Additionally, I increased the speed of the tests following #574 (ICP tests were extremely slow and cumulated to 5min+, or half of xDEM's test length). Now nearly all the tests of test_coreg/ run on a cropped version of the reference/tba example DEMs. And all of xDEM's test run in 5min instead of 12min+. :smiley:

To-do-list

[x] Fix resolution error in NuthKaab of #546,
[x] Finalize https://github.com/GlacioHack/geoutils/pull/560,
[x] Finalize same-CRS SciPy interpolator reprojection to avoid Rasterio sub-pixel errors,
[x] Move subsampling out of the "bin_and_fit" functionality,
[x] Make "bin_and_or_fit" a generic function applicable to other functions (not only BiasCorr subclasses),
[x] Split preprocessing into consistent functions: subsampling supporting raster-raster or point-raster accounting for invalid data in other variables (bias vars, slope, etc), interpolators supporting raster-raster and point-raster inputs,
[x] Add a generic iterator function for iterative methods (Nuth and Kääb, etc),
[x] Migrate Affine functions out of the classes, and adapt them to work with the new generic core functions,
[x] Add is_translation property to trigger error for unsupported resample=False,
[x] Consistently pass "area_or_point" to Coreg subfunctions,
[x] Finalize mirroring BiasCorr parameters for modular bin and fit,
[x] Add nested, typed dictionary structure to organize coregistration parameters and ensure error-free implementations.
[x] Add Coreg.info() to summarize coregistration information, inputs and outputs.
[x] Save final subsample size for affine classes (pass through preproc function),
[x] Use _check_bin_or_fit function for affine classes (opened #575).

Will do in separate PRs

Add robust tests as in BiasCorr, see list in #485,
Document in #502.

rhugonnet commented 1 month ago

@adehecq @erikmannerfelt This PR is ready for your review! All tests passing locally with the GeoUtils branch https://github.com/GlacioHack/geoutils/pull/560. :partying_face:

I have two main aspects on which I'm hesitating on how to move forward, and would especially like your opinion on:

Currently I defined a nuth_kaab main function called by NuthKaab._fit_xxx directly (and this for all methods), which is itself made of some of the new core subfunctions (listed in the main description, point 1/) and a method-specific one. This ensure things are consistent, but is annoying to save variables to the Coreg metadata that are only available at a given step. For instance, for an easy one: What is the final subsample size on valid values? Not available right now. A harder one: What is the binning/parameters at a given iteration step? (might not be necessary, but could become a need in the future for plotting or other) I see two solutions here to make that easier: a) Either we move the content of nuth_kaab to NuthKaab ._fit_xxx, and wrap the subfunctions called in nuth_kaab as methods of Coreg which always pass/save the metadata consistently when they run (you can see I already did this with _bin_or_and_fit_nd for BiasCorr, it is duplicated as a Coreg method in order to pass/write the metadata). It would make it impossible to call the same nuth_kaab separately than through the Coreg class (but I'm not sure that's a need?), but make those new class methods consistent. b) Or we define new function inputs/outputs (dictionaries?) for each of these subfunctions, to pass metadata of interest through the functions back to the class (could become a hassle very fast).
The CoregDict is getting busy and all over the place. It seems like it could become a combination of the new dicts created in this PR: RandomDict, FitOrBinDict, IterativeDict (and maybe an output dict on the results?)... How should we structure this? Having a nested dictionary would make it well organized, but maybe harder for users to access a specific key easily, even though it's all there. If we did this, we could add an info() method that prints the metadata nicely to partially remedy that. Any other ideas?

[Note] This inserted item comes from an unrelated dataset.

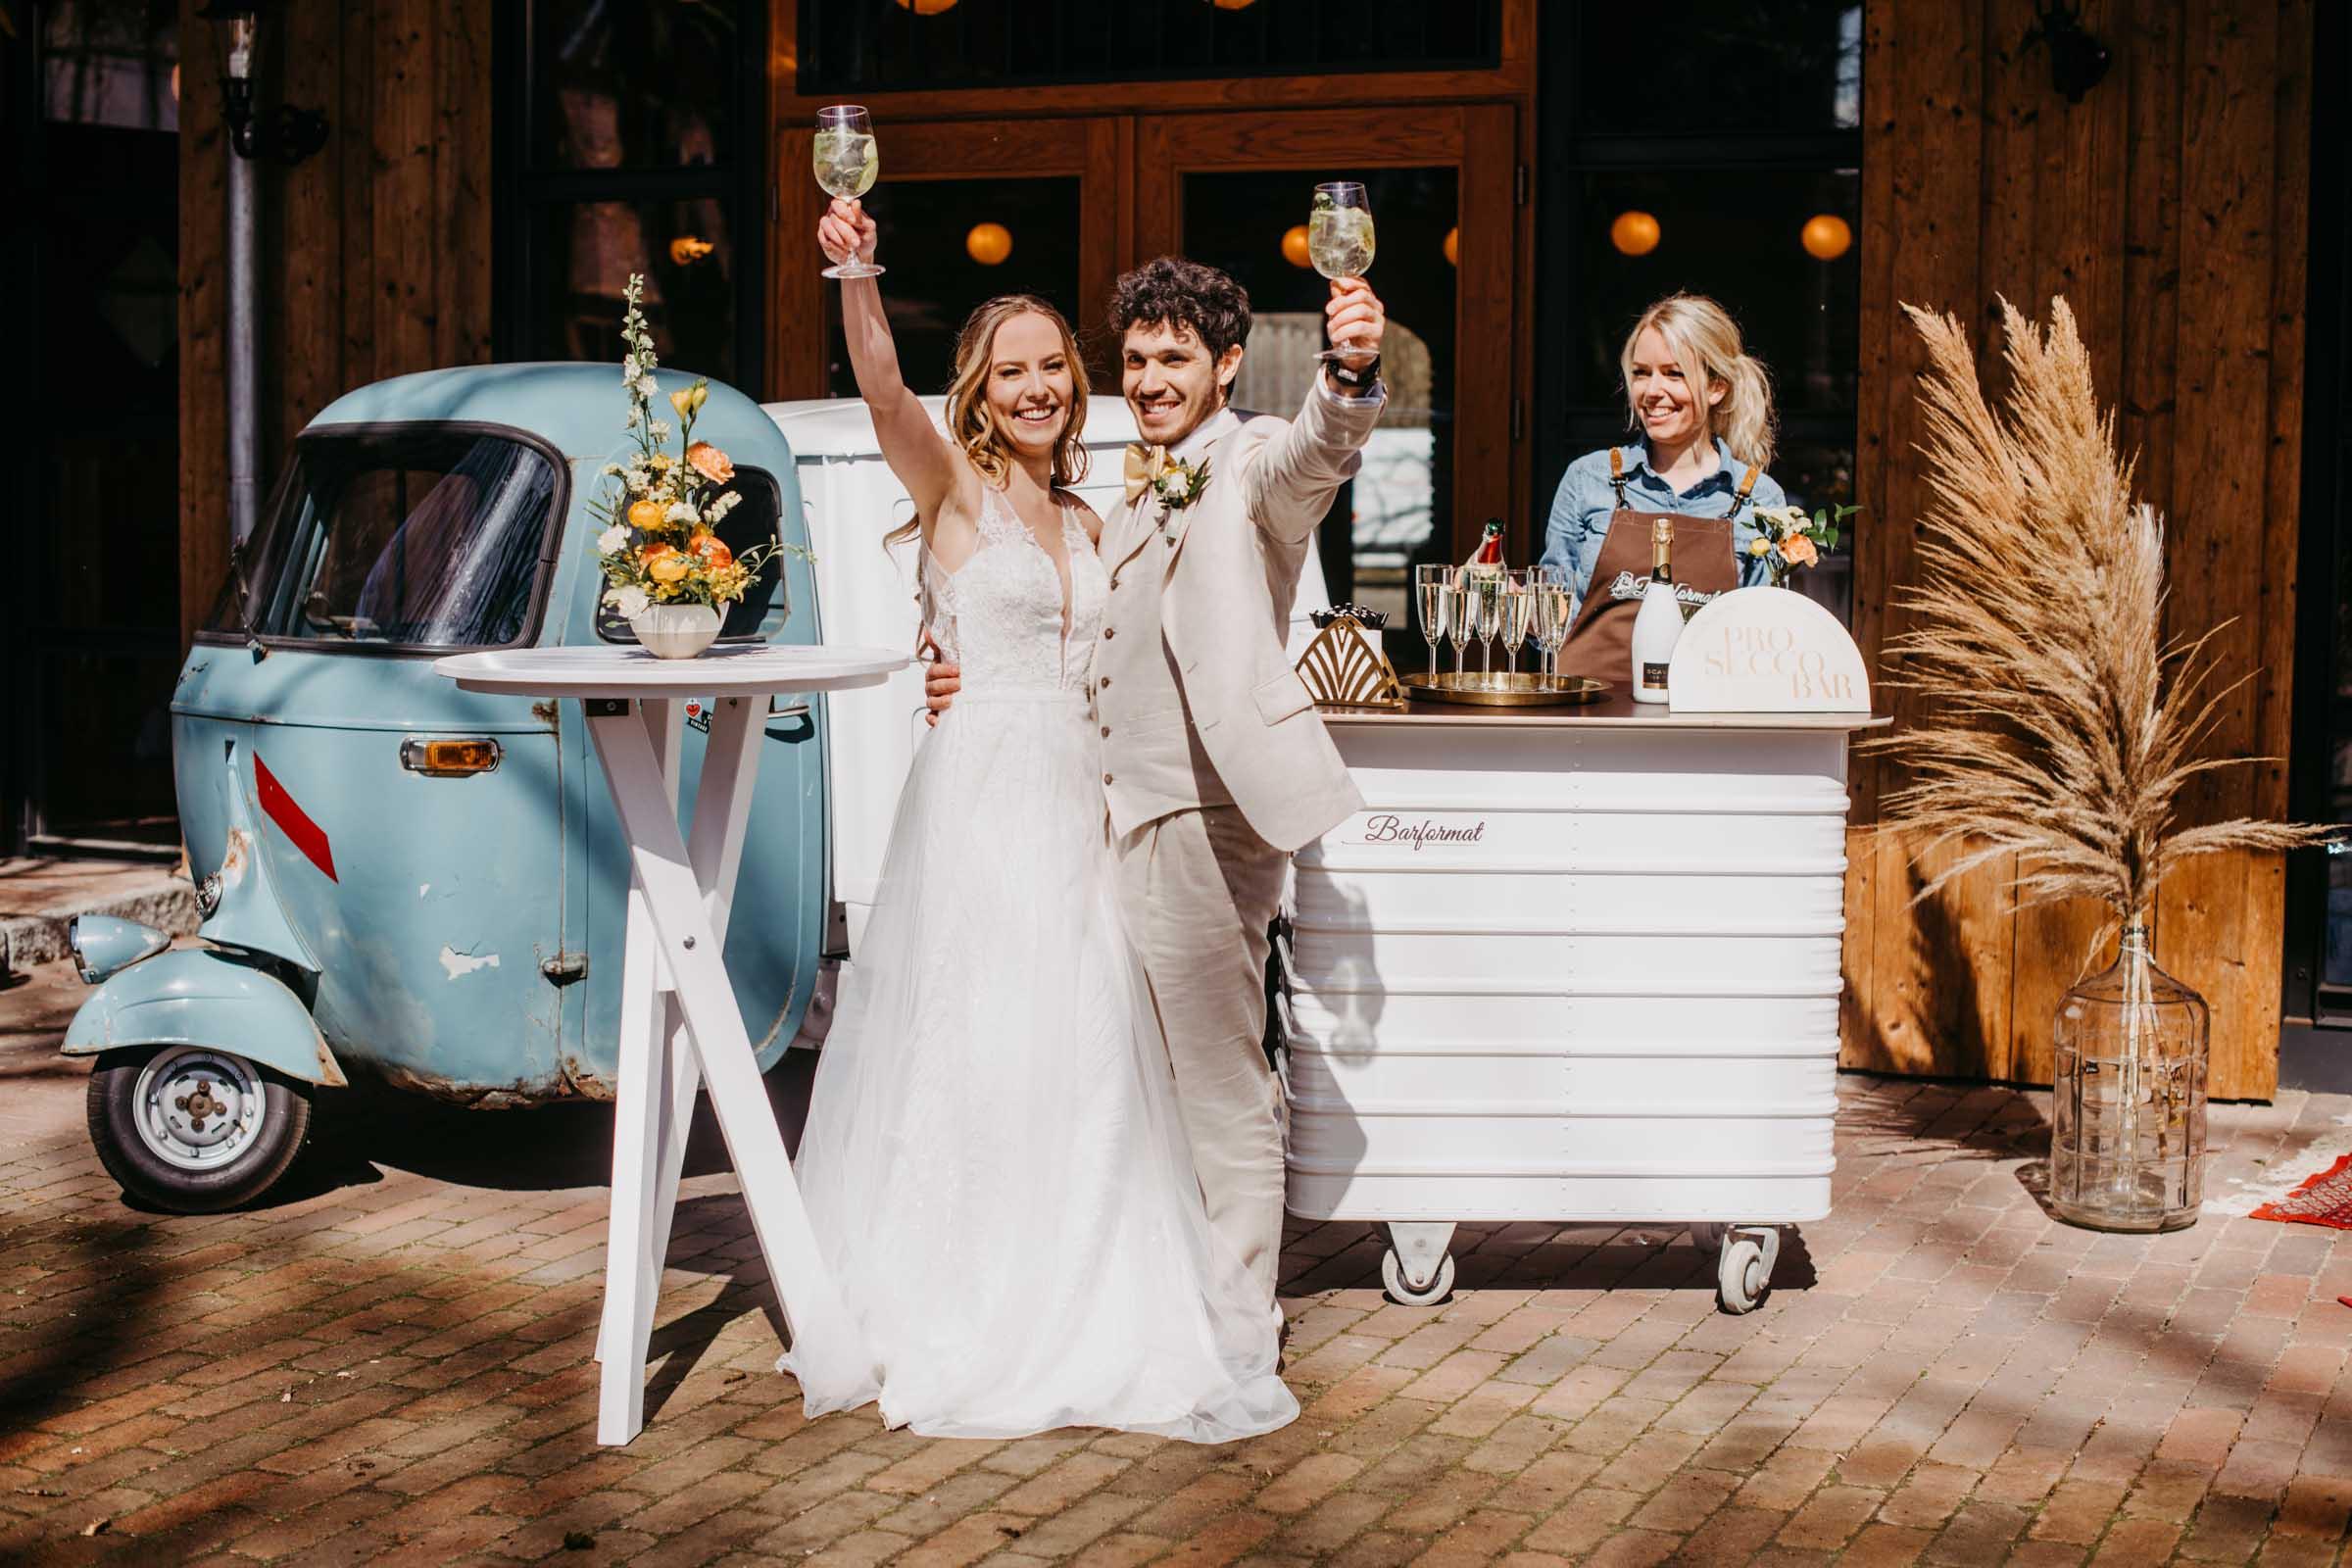 Mobile | Bar | VW | Bulli | Ape | Vespa | Cocktailservice | Cocktail | Bus | Catering | Getränke | Foodtruck | Sektempfang | Standesamt | Hochzeit | Barkeeper | Hochzeit | Event | Buchen | Mieten | Barformat

rhugonnet commented 1 month ago

@adehecq @erikmannerfelt After quite a bit of thinking, I've addressed the above points to finalize this PR completely.

For 2: I implemented the structure proposed in #573, it is quite satisfactory to extract/write back argument to the Coreg class. See details in that issue. But the nested dictionary are a tiny bit long, I propose an easy solution further below when discussing the renaming of Coreg.meta.

For 1: I left the new structure as is. For affine functions, it now passes the subsample_final from the functions back to the class. We can discuss in more details how to further refine this structure when we need to add stats/plots. It shouldn't be much work in any case now that the base functions are consistent. It would be simply copy/pasting in a subclass method if we chose the class way, or simply adding some more function outputs if we stayed fully function-based. In the second case, we could simply add outputs grouped into the typed dictionary defined for "outputs" in point 2 above, which would keep things nicely organized, checked, and wouldn't be too much effort (which is also why I decided not to change the current structure).

The last big question is: what name should we use for the Coreg dictionary (currently meta)? See #547 for previous discussions about renaming it. My latest idea would be to have 2 dictionaries, Coreg.inputs and Coreg.outputs! This would reduce one nested layer in the current dictionary Coreg.meta which splits into inputs and outputs in the structure introduced in this PR, which would more practical to access keys. And I think they'd be the clearest names for both developers and users! :smile:

Ready to merge! Need a review ASAP to use this to finalize the documentation of #502 :wink:

adehecq commented 1 month ago

Trying to quickly react to your questions before the end of the day:

regarding 2 (nested dictionary), I like that all input and output parameters are saved and easy to access. I'm fine with Coreg.inputs and Coreg.outputs as these are clear (although a little bit confusing with the input and output DEM but that's acceptable I think).
regarding point 1... I didn't manage to understand sorry 😅

adehecq commented 4 weeks ago

a) Either we move the content of nuth_kaab to NuthKaab ._fit_xxx, and wrap the subfunctions called in nuth_kaab as methods of Coreg which always pass/save the metadata consistently when they run (you can see I already did this with _bin_or_and_fit_nd for BiasCorr, it is duplicated as a Coreg method in order to pass/write the metadata). It would make it impossible to call the same nuth_kaab separately than through the Coreg class (but I'm not sure that's a need?), but make those new class methods consistent.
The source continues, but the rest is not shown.